**The task**
The reply should be an exact repeat of the listing, with no pictures in it.

**Stored data**
=====
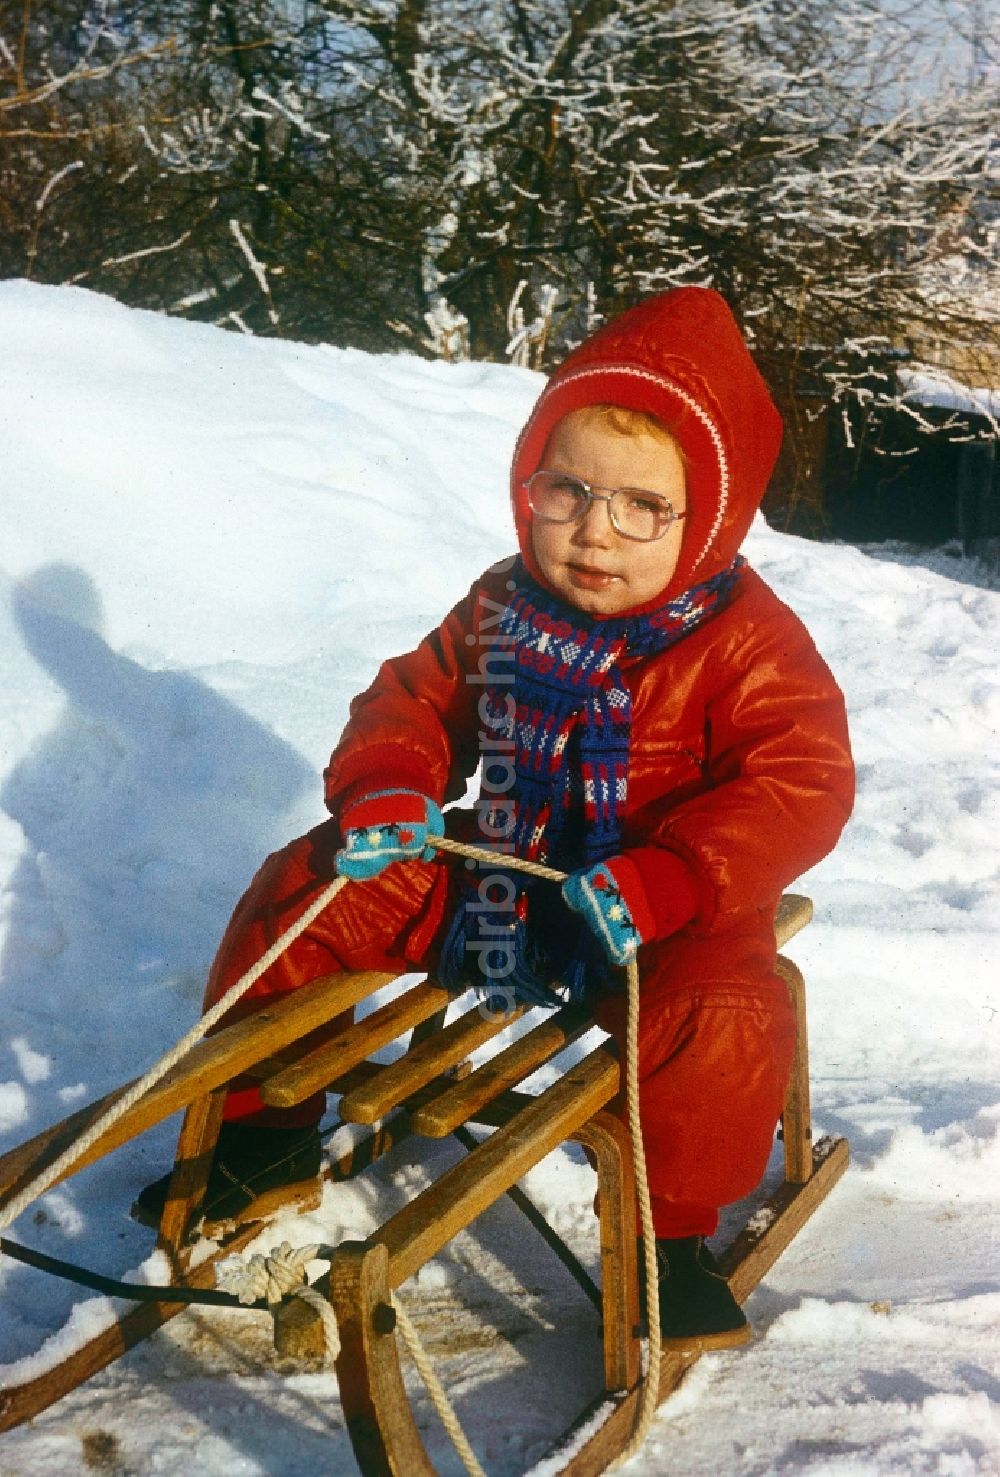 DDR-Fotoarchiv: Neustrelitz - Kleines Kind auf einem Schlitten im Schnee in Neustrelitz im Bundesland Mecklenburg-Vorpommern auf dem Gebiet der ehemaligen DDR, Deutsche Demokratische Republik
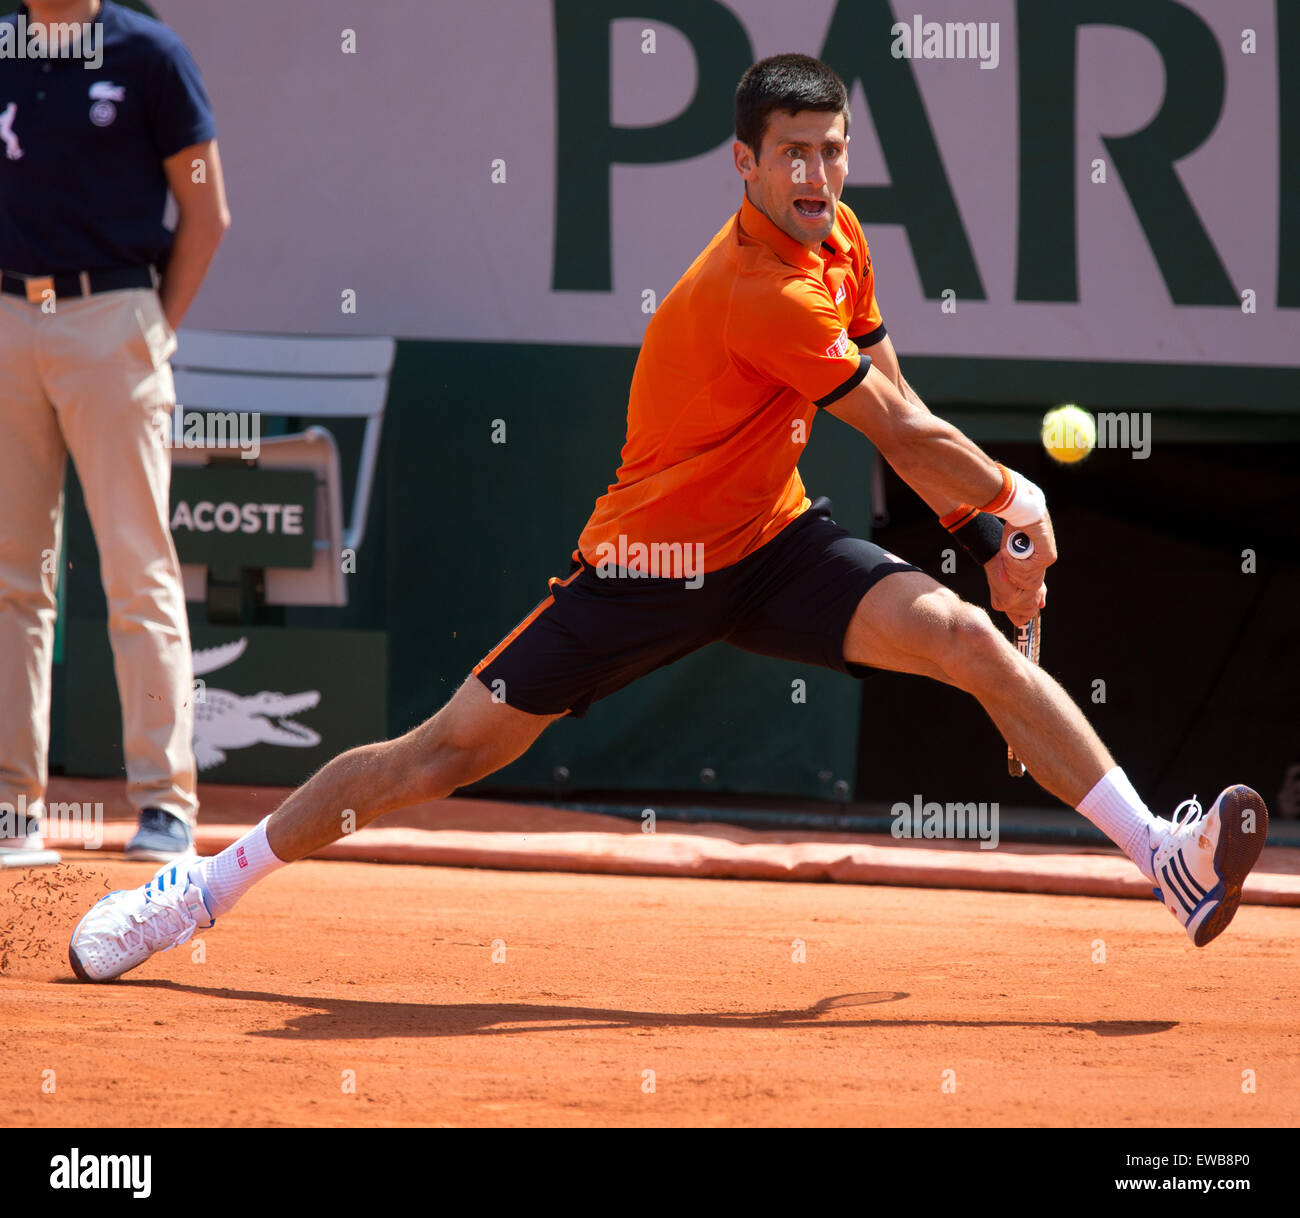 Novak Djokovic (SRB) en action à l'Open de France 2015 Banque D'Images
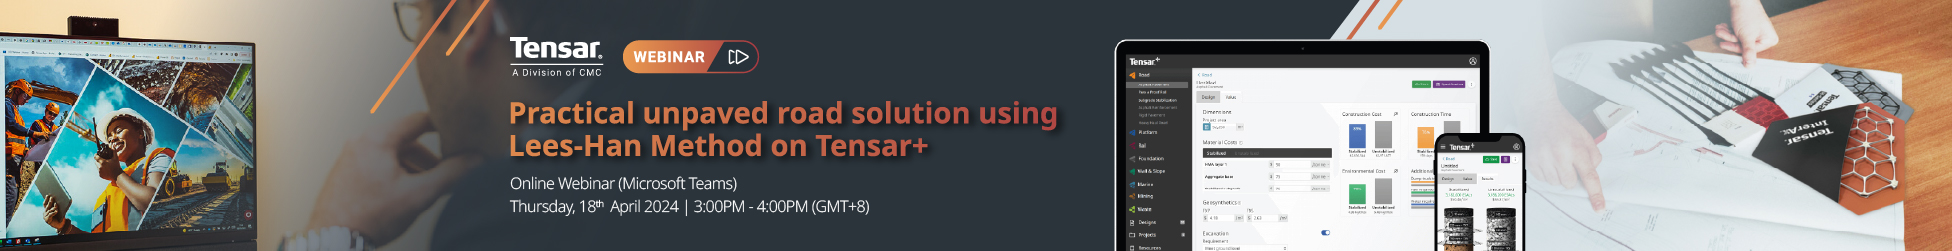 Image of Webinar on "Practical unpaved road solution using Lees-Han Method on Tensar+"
=====
**Answer for this exercise**
 DDR-Fotoarchiv: Neustrelitz - Kleines Kind auf einem Schlitten im Schnee in Neustrelitz im Bundesland Mecklenburg-Vorpommern auf dem Gebiet der ehemaligen DDR, Deutsche Demokratische Republik
 Novak Djokovic (SRB) en action à l'Open de France 2015 Banque D'Images
 Image of Webinar on "Practical unpaved road solution using Lees-Han Method on Tensar+"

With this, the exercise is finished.